Titolo: È il tema di fondo.
v.1-4: Magione: termine arcaico per casa. In questa strofa il poeta, ormai
maturo, rievoca con commozione la casa in cui nacque e trascorse la
fanciullezza. L’aggettivo cara ricorda
gli affetti vissuti da sempre. Il più bel fiore è una metafora per
giovinezza.
v.5-7: Viene introdotto in questa
seconda strofa uno dei temi più cari al poeta, quello del Fato bugiardo e ingannatore che sembra
promettere una vita tranquilla e
spensierata, ma poi riserva soltanto amarezze e dolori.

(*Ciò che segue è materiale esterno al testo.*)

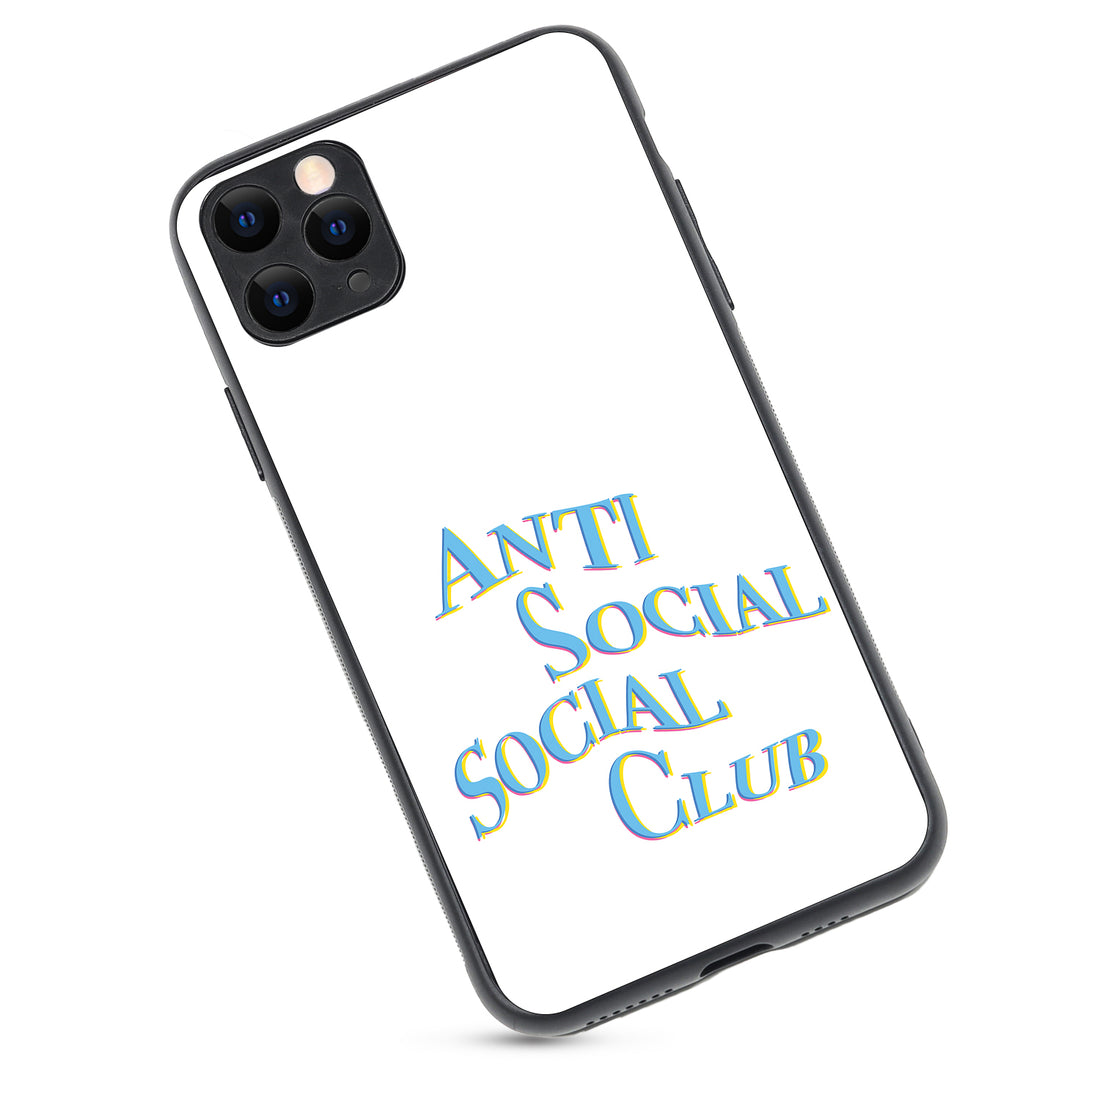 Social Club Motivational Quotes iPhone 11 Pro Max Case
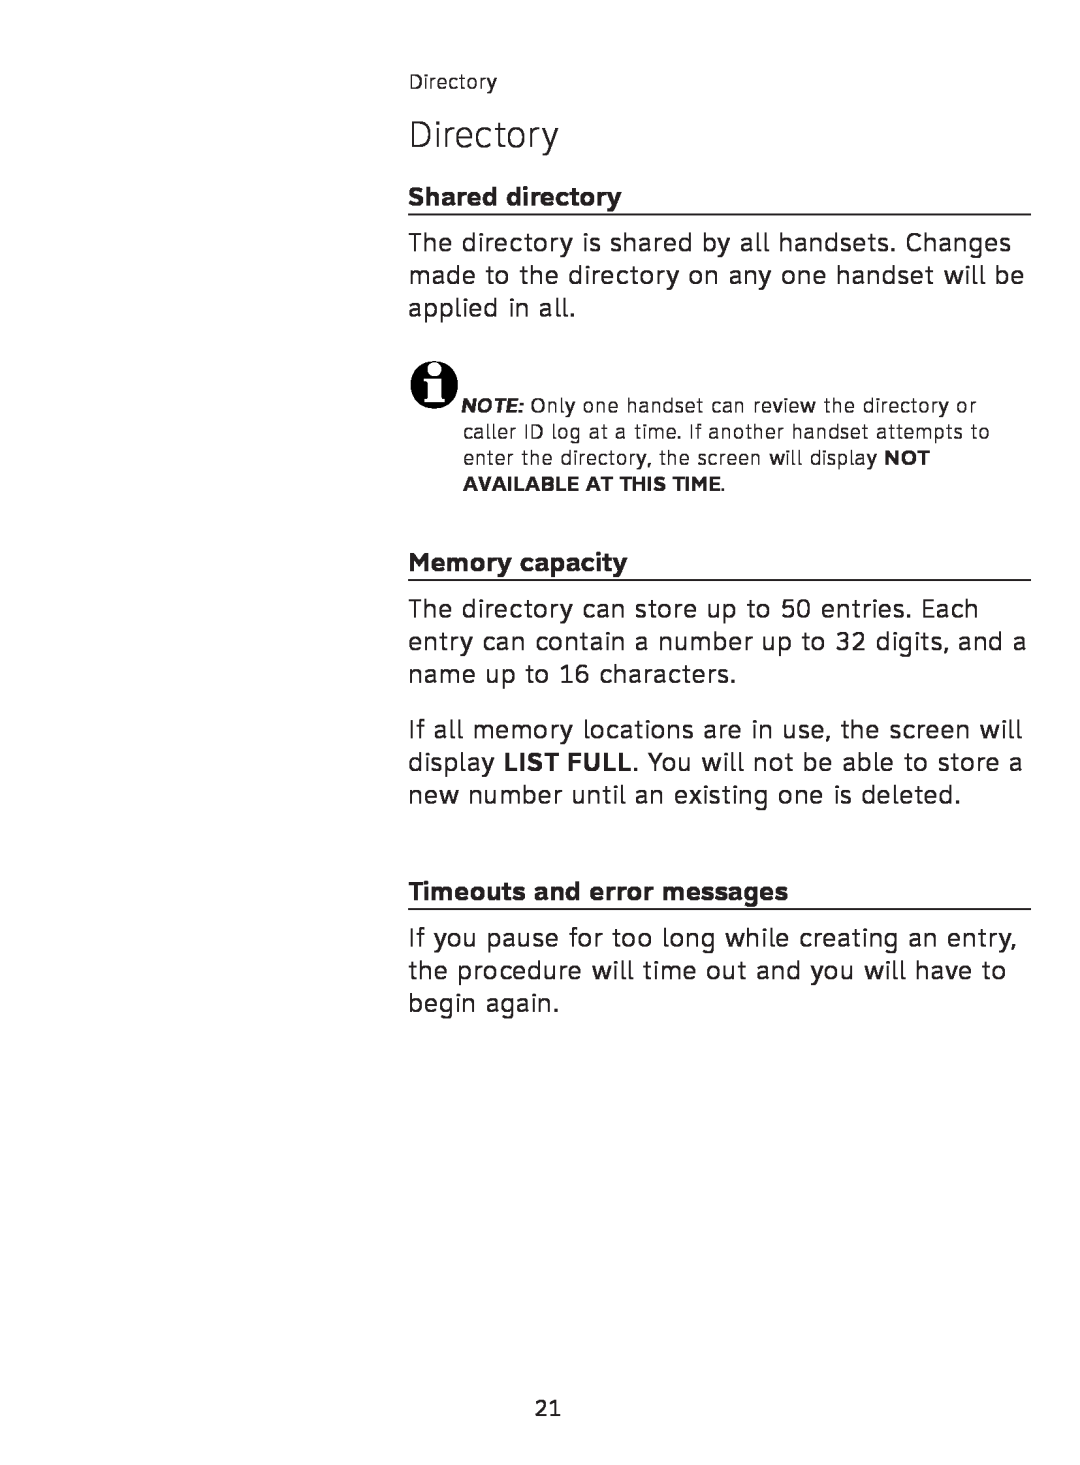 AT&T AT3111-2 user manual Directory, Shared directory, Memory capacity, Timeouts and error messages

La Natura, come sempre
malvagia, ria, si vendica e si riprende con gli
interessi l’ingannevole felicità che ha
regalato.
v.8-12: La poesia si chiude,
infatti, con l’inevitabile rivincita della Natura matrigna che si accanisce verso i genitori, strappandoli
all’affetto del poeta. Parenti è un
latinismo. Palazzini lancia negli ultimi due versi un disperato grido al tempo e all’oblio, ma sa bene che ciò che invoca non si realizzerà, perchè
tutto cancella il tempo e tutto
traveste l’oblio, anche la memoria (
ricordo, metafora).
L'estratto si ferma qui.